Implementing Event-Driven Architecture for Web Applications
Event-Driven Architecture (EDA) is an architectural style where system components interact through publishing and consuming events. A producer publishes an event to a broker and doesn't know who will handle it. Consumers subscribe to events of interest independently. This radically reduces coupling between components.
When EDA is Appropriate
- Multiple systems need to be notified of a single event (new order → inventory + notification + analytics)
- Processing takes time and blocking HTTP request is inefficient
- Peak load that needs to be smoothed through a queue
- Audit and change history requirements
- Integration with external systems via webhooks or CDC
Event Structure
interface DomainEvent<T = unknown> {
id: string; // UUID — for idempotency
type: string; // 'user.registered', 'order.placed'
version: string; // '1.0' — for schema evolution
source: string; // 'order-service'
correlationId: string; // end-to-end ID across all services
causationId?: string; // ID of the event that caused this
occurredAt: string; // ISO 8601
data: T;
}
// Concrete event
interface OrderPlacedEvent extends DomainEvent<{
orderId: string;
customerId: string;
items: Array<{ productId: string; quantity: number; price: number }>;
total: number;
shippingAddress: Address;
}> {
type: 'order.placed';
}
Apache Kafka — Primary Broker for EDA
import { Kafka, Partitioners } from 'kafkajs';
const kafka = new Kafka({
clientId: 'order-service',
brokers: process.env.KAFKA_BROKERS.split(',')
});
// Producer
const producer = kafka.producer({
createPartitioner: Partitioners.LegacyPartitioner
});
async function publishOrderPlaced(order: Order): Promise<void> {
await producer.send({
topic: 'order.events',
messages: [{
key: order.id, // partition by order ID
value: JSON.stringify({
id: uuidv4(),
type: 'order.placed',
version: '1.0',
source: 'order-service',
correlationId: context.correlationId,
occurredAt: new Date().toISOString(),
data: {
orderId: order.id,
customerId: order.customerId,
items: order.items,
total: order.total
}
} satisfies OrderPlacedEvent),
headers: {
'content-type': 'application/json',
'schema-version': '1.0'
}
}]
});
}
// Consumer — Inventory Service
const consumer = kafka.consumer({ groupId: 'inventory-service' });
await consumer.subscribe({ topics: ['order.events'], fromBeginning: false });
await consumer.run({
eachMessage: async ({ topic, partition, message }) => {
const event = JSON.parse(message.value.toString()) as DomainEvent;
// Idempotency: check if we've already processed this event
const processed = await idempotencyRepo.exists(event.id);
if (processed) return;
try {
if (event.type === 'order.placed') {
await inventoryService.reserveStock(event.data.orderId, event.data.items);
}
await idempotencyRepo.mark(event.id);
} catch (error) {
// Publish to Dead Letter Topic for analysis
await deadLetterProducer.send({
topic: 'order.events.dlq',
messages: [{
value: message.value,
headers: { 'failure-reason': error.message }
}]
});
}
}
});
Outbox Pattern — Guaranteed Delivery
Naive approach: save to database then publish to Kafka—risks losing the event if failure occurs between steps. Correct approach: Transactional Outbox:
// Within a single database transaction
async function createOrder(dto: CreateOrderDto): Promise<Order> {
return db.transaction(async (trx) => {
// 1. Save order
const order = await trx('orders').insert({ ...orderData }).returning('*');
// 2. Save event to outbox table (in the same transaction!)

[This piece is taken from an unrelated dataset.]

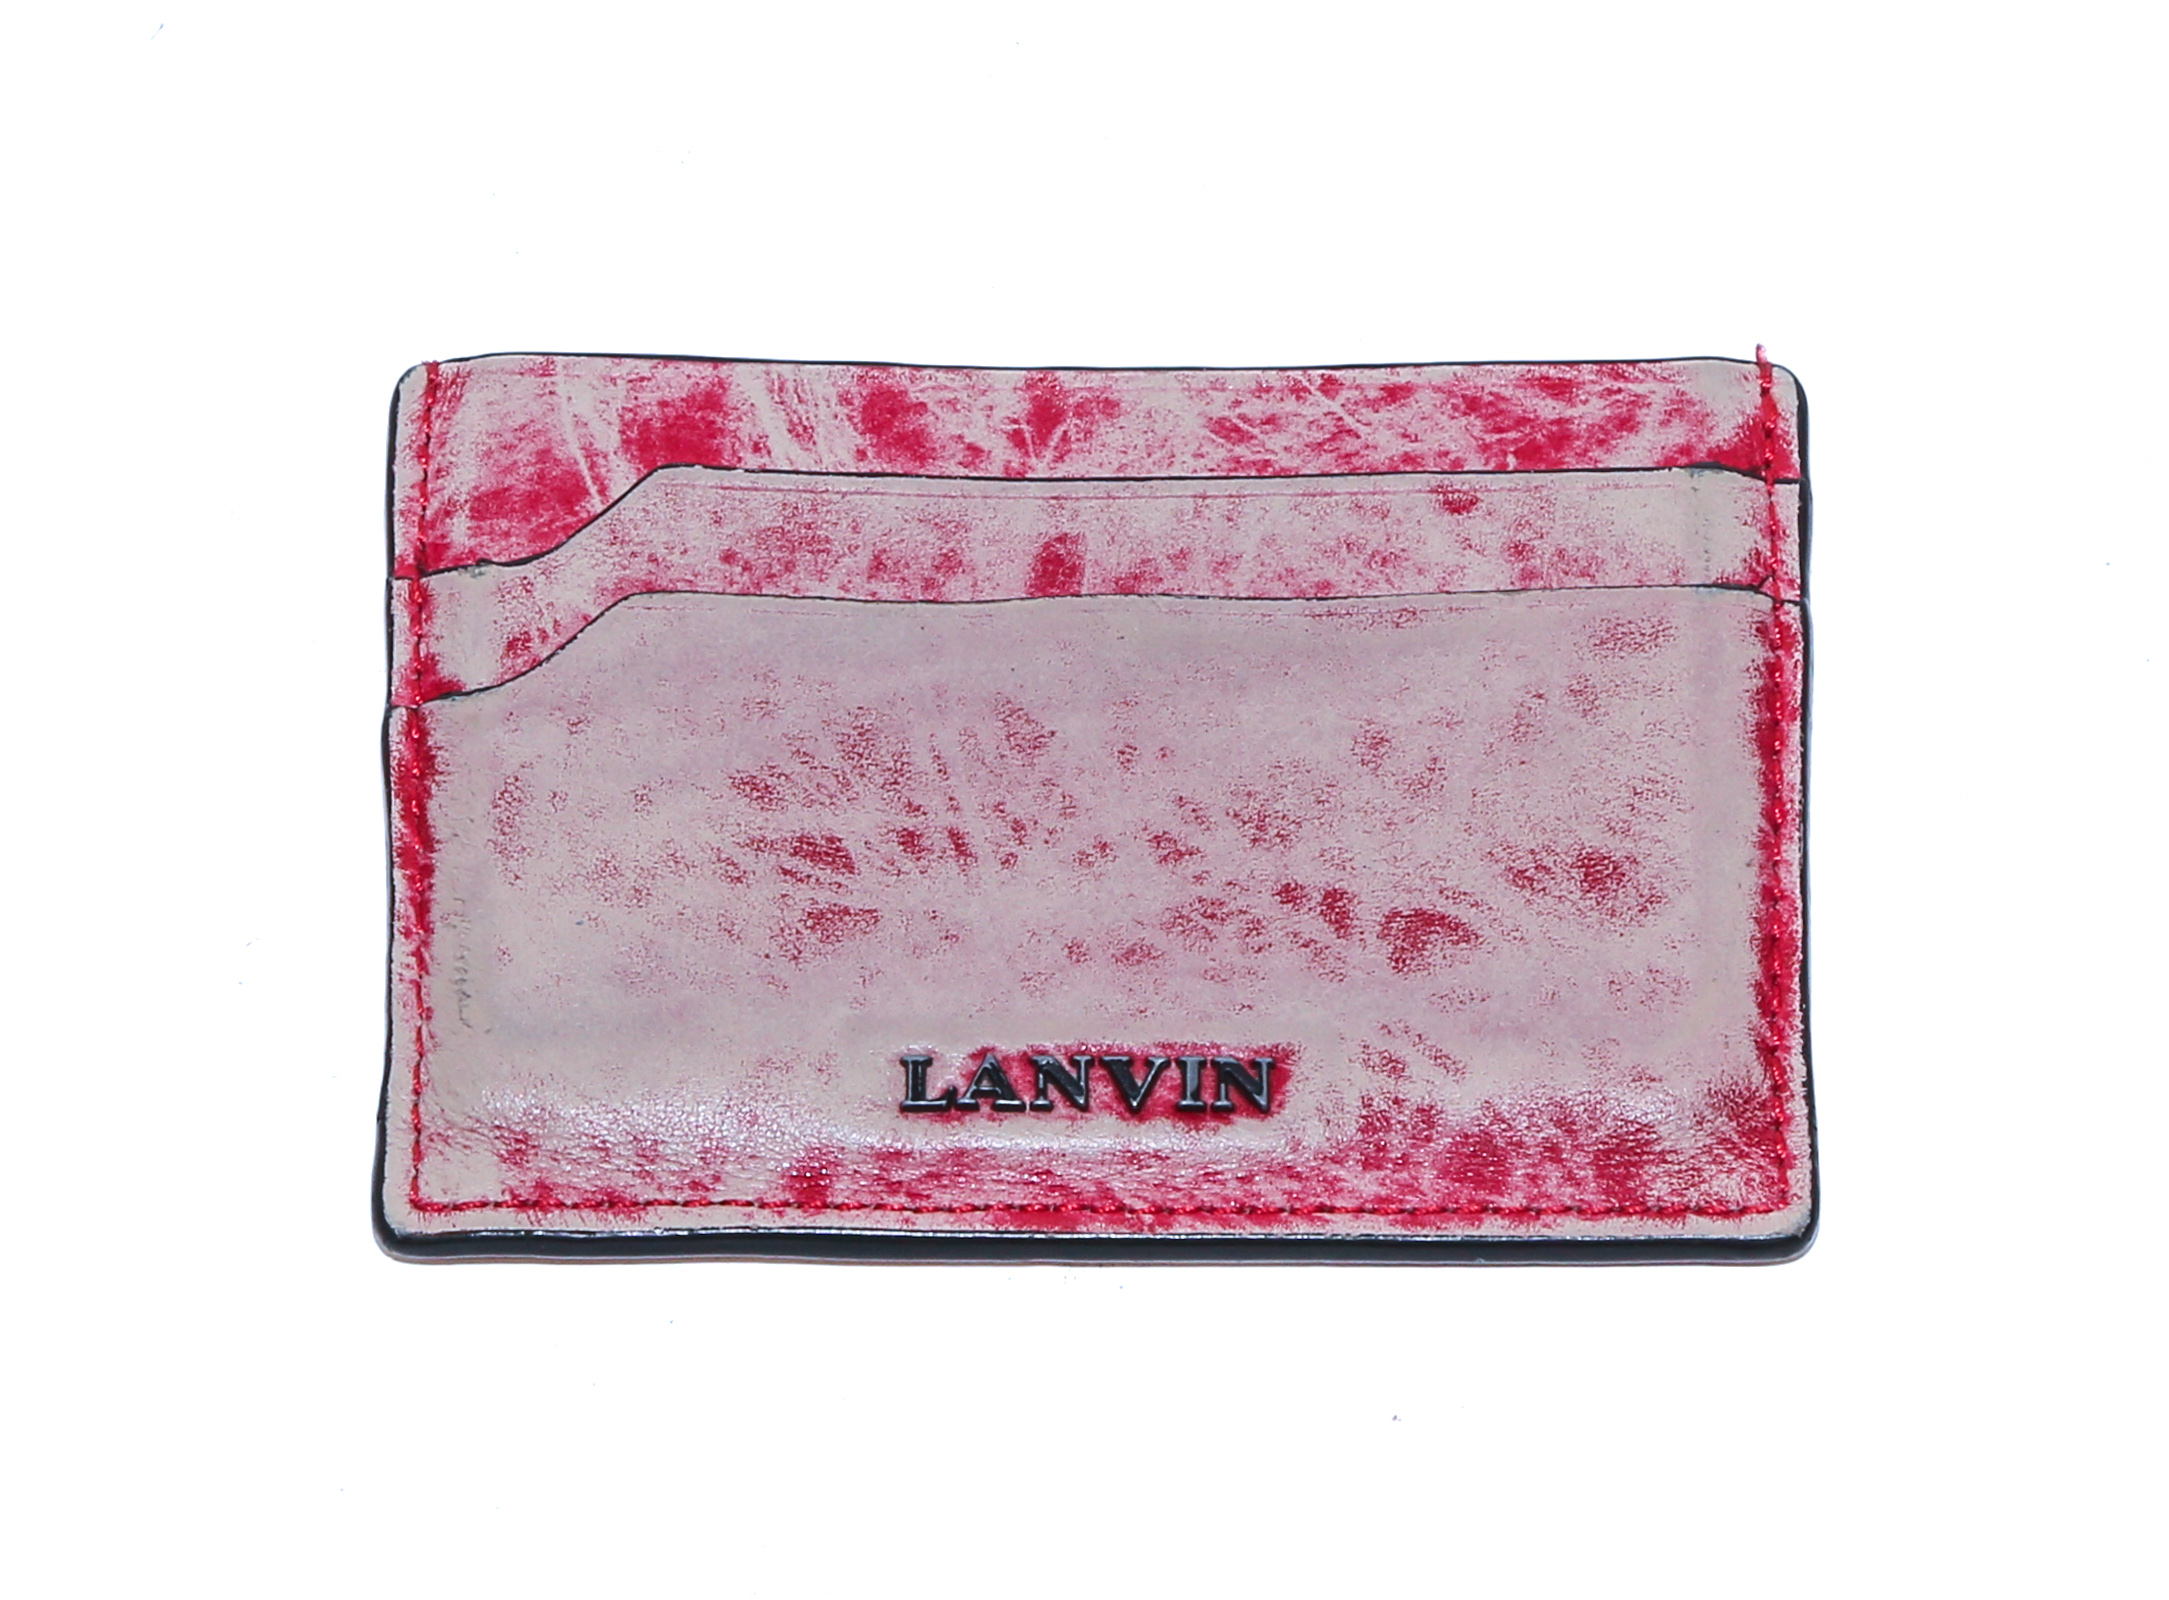 A LANVIN LEATHER CARD HOLDER A

await trx('outbox_events').insert({
id: uuidv4(),
aggregate_id: order.id,
event_type: 'order.placed',
payload: JSON.stringify(orderPlacedEvent),
status: 'pending',
created_at: new Date()
});
return order;
});
}
A separate Outbox Poller reads pending events and publishes them to Kafka:
// Cron job or background worker
async function processOutbox(): Promise<void> {
const events = await db('outbox_events')
.where({ status: 'pending' })
.orderBy('created_at')
.limit(100)
.forUpdate()
.skipLocked();
for (const event of events) {
try {
await kafka.producer.send({
topic: getTopicForEventType(event.event_type),
messages: [{ key: event.aggregate_id, value: event.payload }]
});
await db('outbox_events')
.where({ id: event.id })
.update({ status: 'published', published_at: new Date() });
} catch {
await db('outbox_events')
.where({ id: event.id })
.update({ retry_count: db.raw('retry_count + 1') });
}
}
}
Alternative — Debezium CDC: reads PostgreSQL WAL and publishes changes to Kafka without additional code.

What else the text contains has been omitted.